KABUL, KOMPAS.com - Zarifa Ghafari (29 tahun) memiliki luka yang dalam di kakinya karena ia harus lari dari kantornya saat Taliban mendekati Kabul.
Selama 10 kilometer "di bawah sinar matahari yang mematikan", dia terus berlari ke tempat yang lebih aman, mengumpulkan saudara perempuannya dari universitas di jalan.
Dengan kondisi Afghanistan sekarang, rencana pesta pernikahan, dan kelulusan saudara perempuannya gagal.
"Kami yang baru saja hidup normal, mendadak, semuanya pergi 'boom'. Setiap orang, semua mimpi kami hancur. Hati kami berhenti. Semua orang sangat kesakitan," protesnya.
Baca juga: Genjot Proses Evakuasi, AS Terjunkan Lebih Banyak Petugas Konsuler ke Afghanistan
Ghafari pada usia 26 tahun telah menjadi salah satu wali kota wanita pertama Afghanistan di kota konservatif Maidan Shar, barat daya Kabul.
Dia dilarang menjabat selama 9 bulan karena protes dan ancaman oleh politisi lokal tentang usia dan jenis kelaminnya.
Melansir Sydney Morning Herald pada Selasa (17/8/2021), ia juga tidak asing dengan upaya pembunuhan. Tiga kali dia coba dibunuh, syukurnya digagalkan oleh pihak keamanannya.

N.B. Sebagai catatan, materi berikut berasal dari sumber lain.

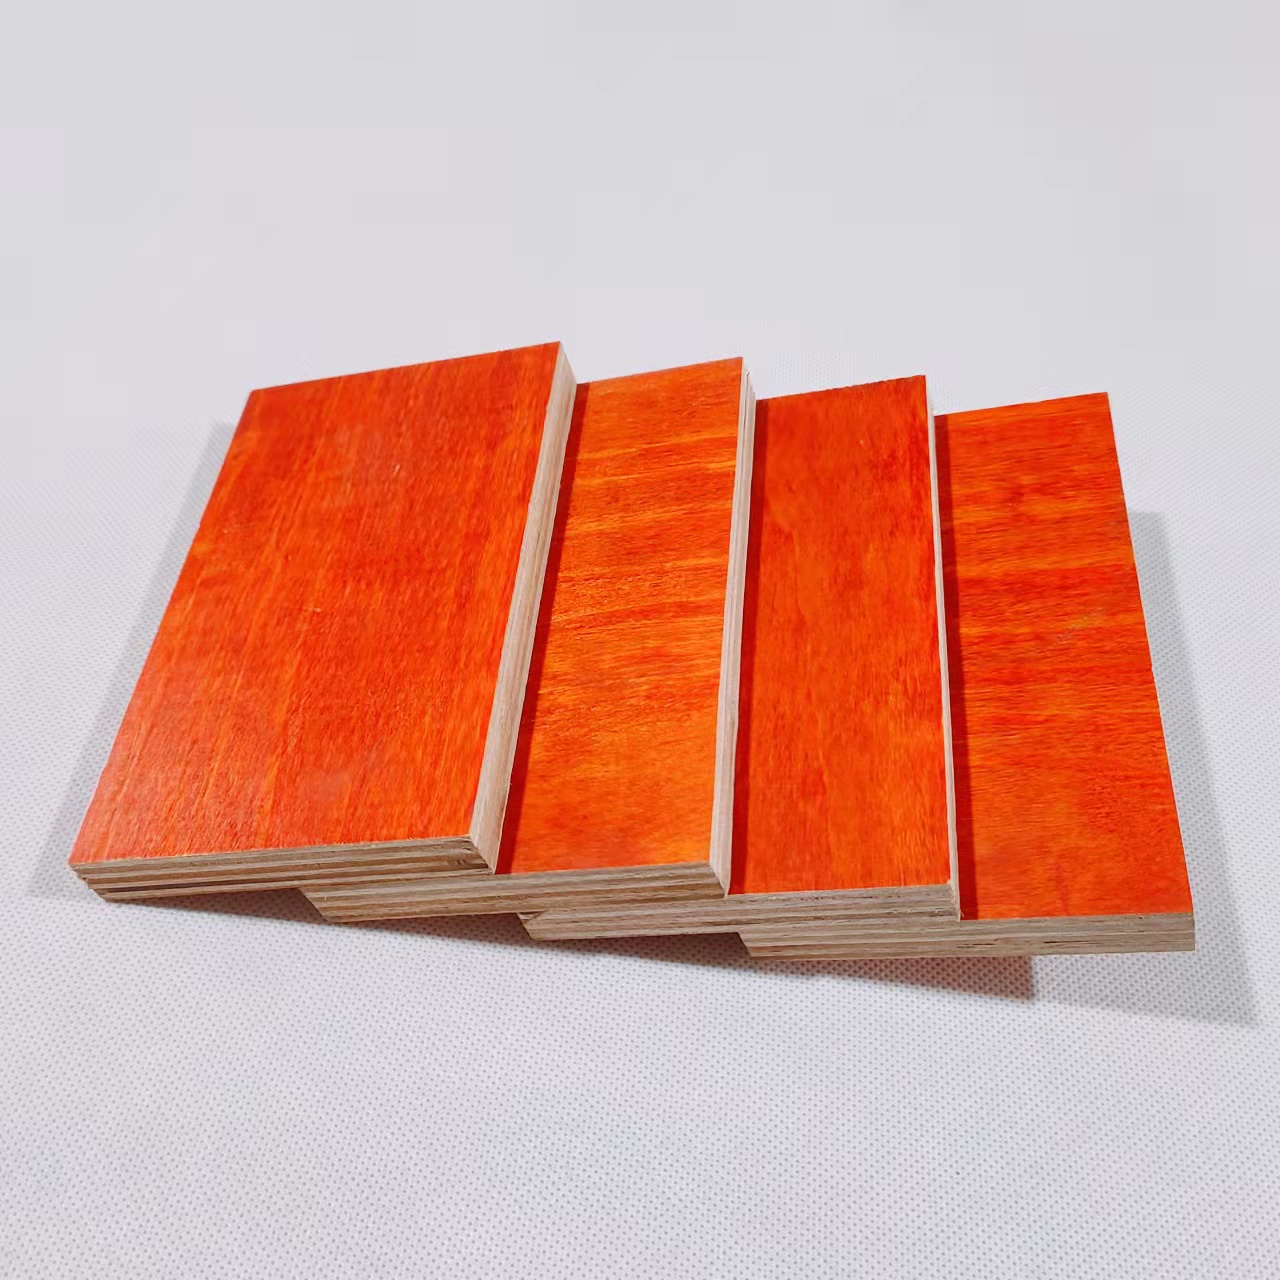 Најквалитетна фурнирска табла во црвена боја со материјал од бор и еукалиптус

Namun, selama 3 tahun dia menjalankan pekerjaannya, baru pada Mei 2021, dia mengatakan kepada majalah Time bahwa "bekerja sebagai wali kota wanita, itu adalah upaya terus-menerus agar kekuatan wanita diterima".
Pada November 2020, ayahnya Jenderal Abdul Wasi Ghafari ditembak mati di depan rumahnya oleh Taliban, beberapa hari setelah diketahui ia adalah ayah dari wali kota wanita pertama Afghanistan.

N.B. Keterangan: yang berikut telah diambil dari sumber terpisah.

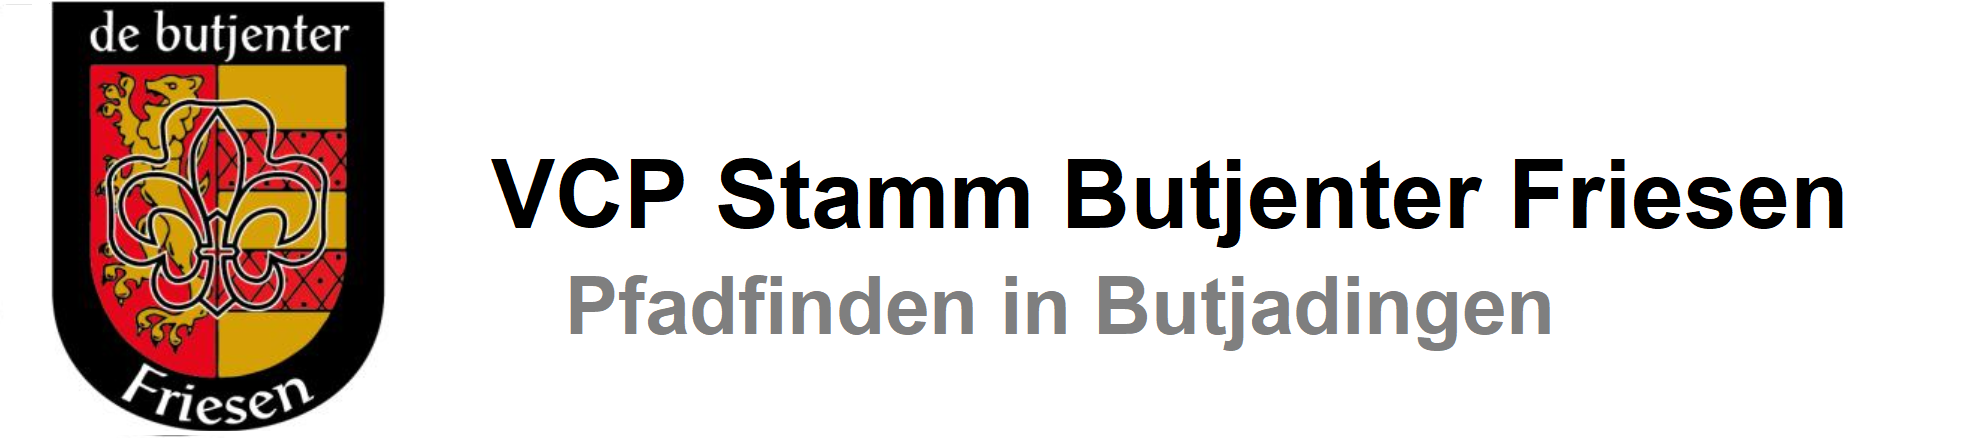 VCP Stamm Butjenter Friesen

"Taliban membunuh ayah saya hanya karena dia bekerja untuk pemerintah Afghanistan, hanya karena dia seorang tentara. Mereka membunuhnya hanya karena dia berjuang untuk bangsanya dan negara ini. Mereka membunuhnya hanya karena dia adalah ayahku, ayah dari seorang gadis yang berjuang untuk bangsanya, untuk negara ini,” terangnya.
Baca juga: POPULER GLOBAL: Presiden Afghanistan Ada di UEA | Pawang Buaya di AS Nyaris Dimangsa
Dalam kondisi Afghanistan sekarang, Ghafari tahu dia menjadi target Taliban. Pada Minggu (15/8/2021), ketika milisi Taliban tiba di gerbang kota, dia mengatakan kepada seorang jurnalis dari Sunday Independent.
"Saya duduk di sini menunggu mereka (Taliban) datang. Tidak ada yang membantu saya atau keluarga saya. Mereka akan datang untuk orang-orang seperti saya dan membunuh saya," ujarnya putus asa kepada jurnalis tersebut.
Tidak ada kata-kata pertengkaran lagi dari Ghafari dalam panggilan telepon dari Kabul. Hanya ada isak tangis, patah hati, kehancuran, dan keputusasaan.
“Untuk keuntungan yang kami miliki, itu datang dengan pengorbanan yang besar. Kami membayar harga dengan kerja keras kami, kami mendapatkannya dengan darah kami," ucapnya.
"Bukan hanya 20 tahun, bukan hanya hak perempuan, bukan hanya hak asasi manusia, bukan hanya pendidikan, dan kemajuan. Ini tentang kehidupan yang telah dikorbankan untuk kemajuan yang telah dibuat dalam 20 tahun ini,” lanjutnya.